Enjoy a small portions, pages 65-67, of Ricker’s interview with Joseph Horn Cloud, Wounded Knee survivor, from Tablet 12.
Ricker was also an avid photograph collector. Explore his photo collection online.
(page 65)
… Shakes Bird went round on the outside of the council singing ghost songs.
When the shooting began the women ran to the ravine. The shooting was in every direction. Soldiers shot into one another. [Indians in the circle were] Many of the Indians in the circle were killed. Many of them mingled with the soldiers behind them, picking up guns from dead soldiers and taking cartridge belts. They took guns they had turned over and the cartridge belts they had turned over with them. Many Indians broke into the ravine; some ran up the ravine and to favorable positions for defense.
(Page 66)
Beard (who is a brother of Joseph Horn Cloud, but is not called Horn Cloud, called Beard only); and William Horn Cloud, Daniel Horn Cloud, who is now called White Lance, & Sherman Horn Cloud, and is a brother of Joseph; and George Shoot the Bear and Long Bull both cousins of Joseph; and two old men, one of whom belonged to Big Foot’s band and the other to Sitting Bull’s band; and a woman called Helena Long
(page 67)
Bull and a little son, these all took refuge in the pocket in the ravine, and here William Horn Cloud was killed, and here Beard killed four soldiers, one being stabbed with a knife (a sergeant) the others he shot. White Lance received three wounds in his right leg and one slight [wound] on top of his head; he was borne from here up the ravine by George Shoot the Bear and Peter Stand.

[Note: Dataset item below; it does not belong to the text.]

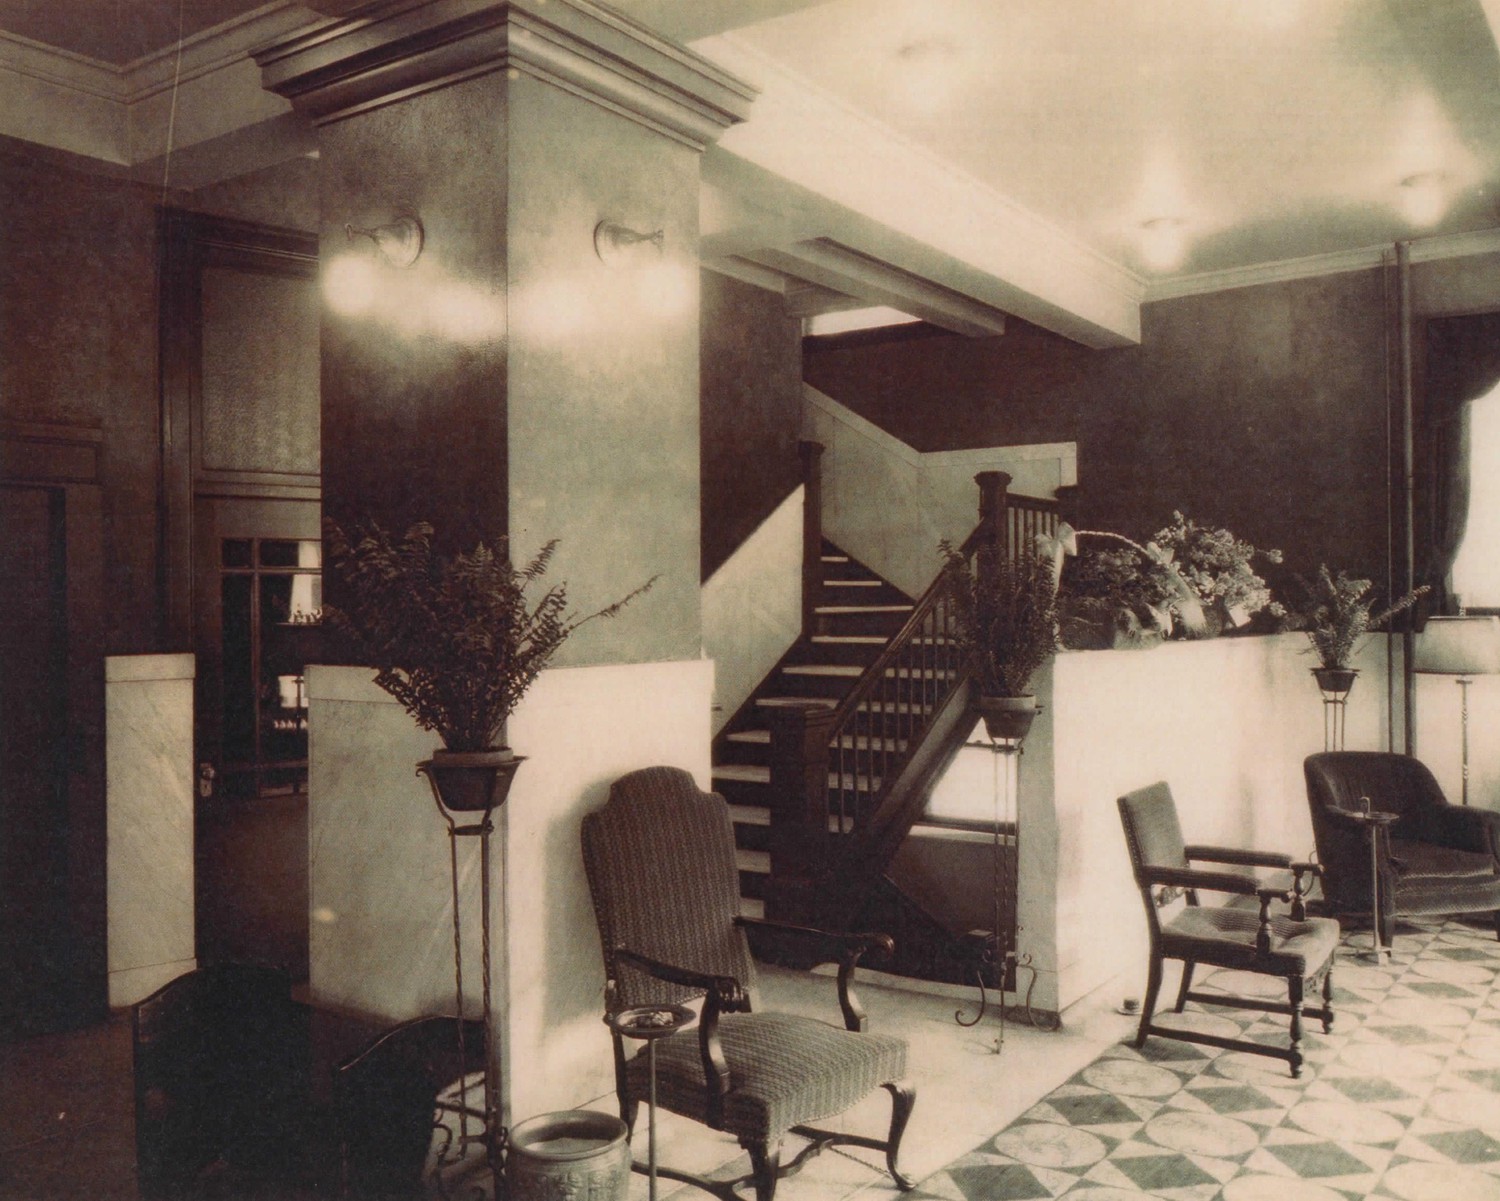 Hotel Rieger - Sanduskian, Sandusky Ohio Historic photo; hotel lobby looking northeast (1926)
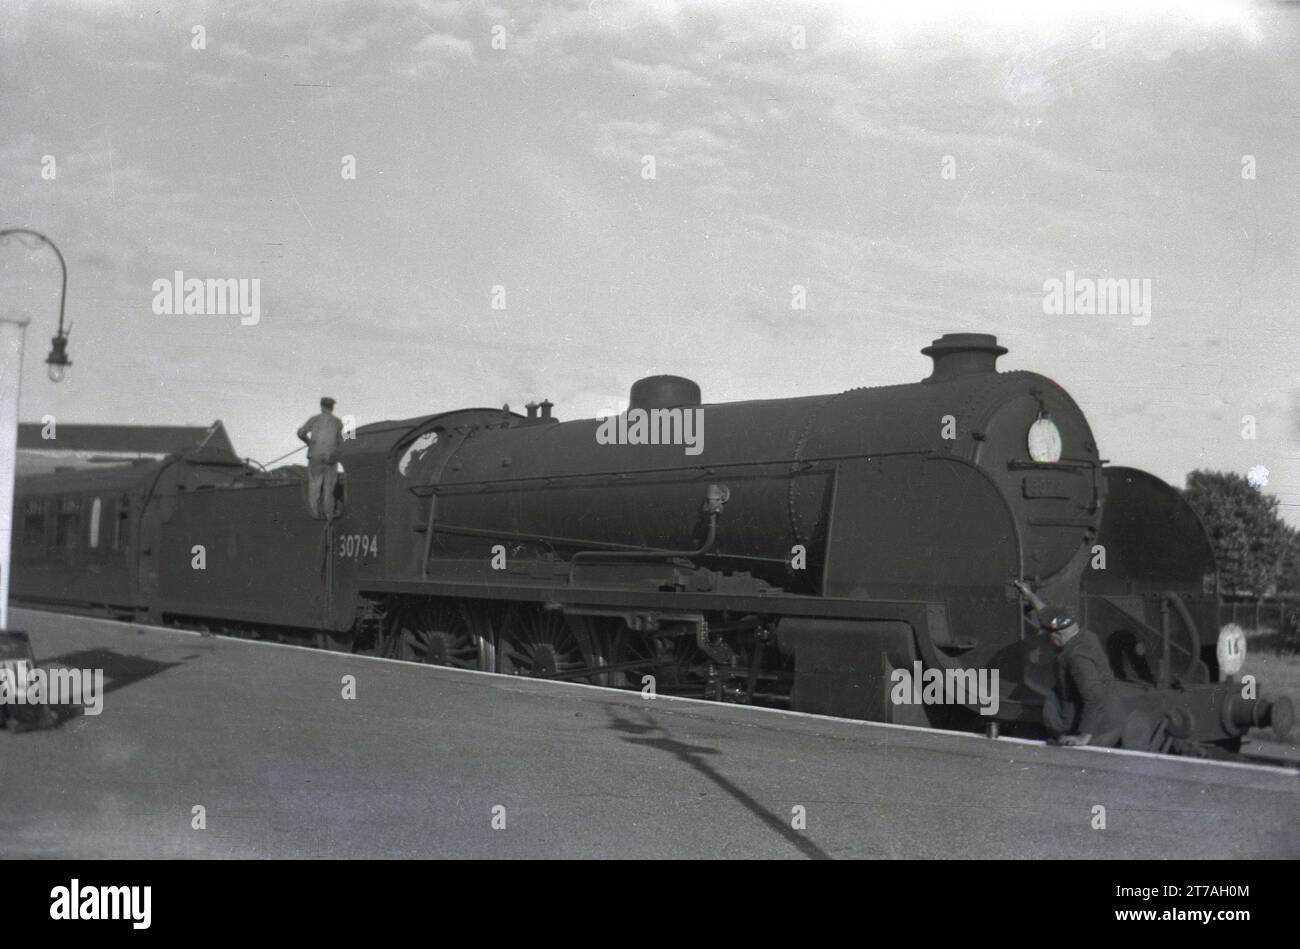 1950er Jahre, historisch, eine Dampflokomotive der Epoche, 30794, wartet auf einem Bahnsteig, England, Großbritannien. Die 4-6-0 King Arthur Class Lokomotive wurde 1926 für Southern Railways (794) in Dienst gestellt, bevor sie 30794 umbenannt wurde, als 1949 British Railways gegründet wurde. Sie wurde 1960 zurückgezogen. Stockfoto

Some cannon were moved to the bank of the ravine & some were planted on Cemetery Hill.
When the firing began there …
Brothers White Lance, Joseph Horn Cloud, and Dewey Beard [left to right]. Joseph Horn Cloud was about sixteen years old when he witnessed the Wounded Knee massacre on December 29, 1890. His parents, two brothers, and a sister were among the fatalities. In 1906 he invited Ricker to his home to talk about the massacre.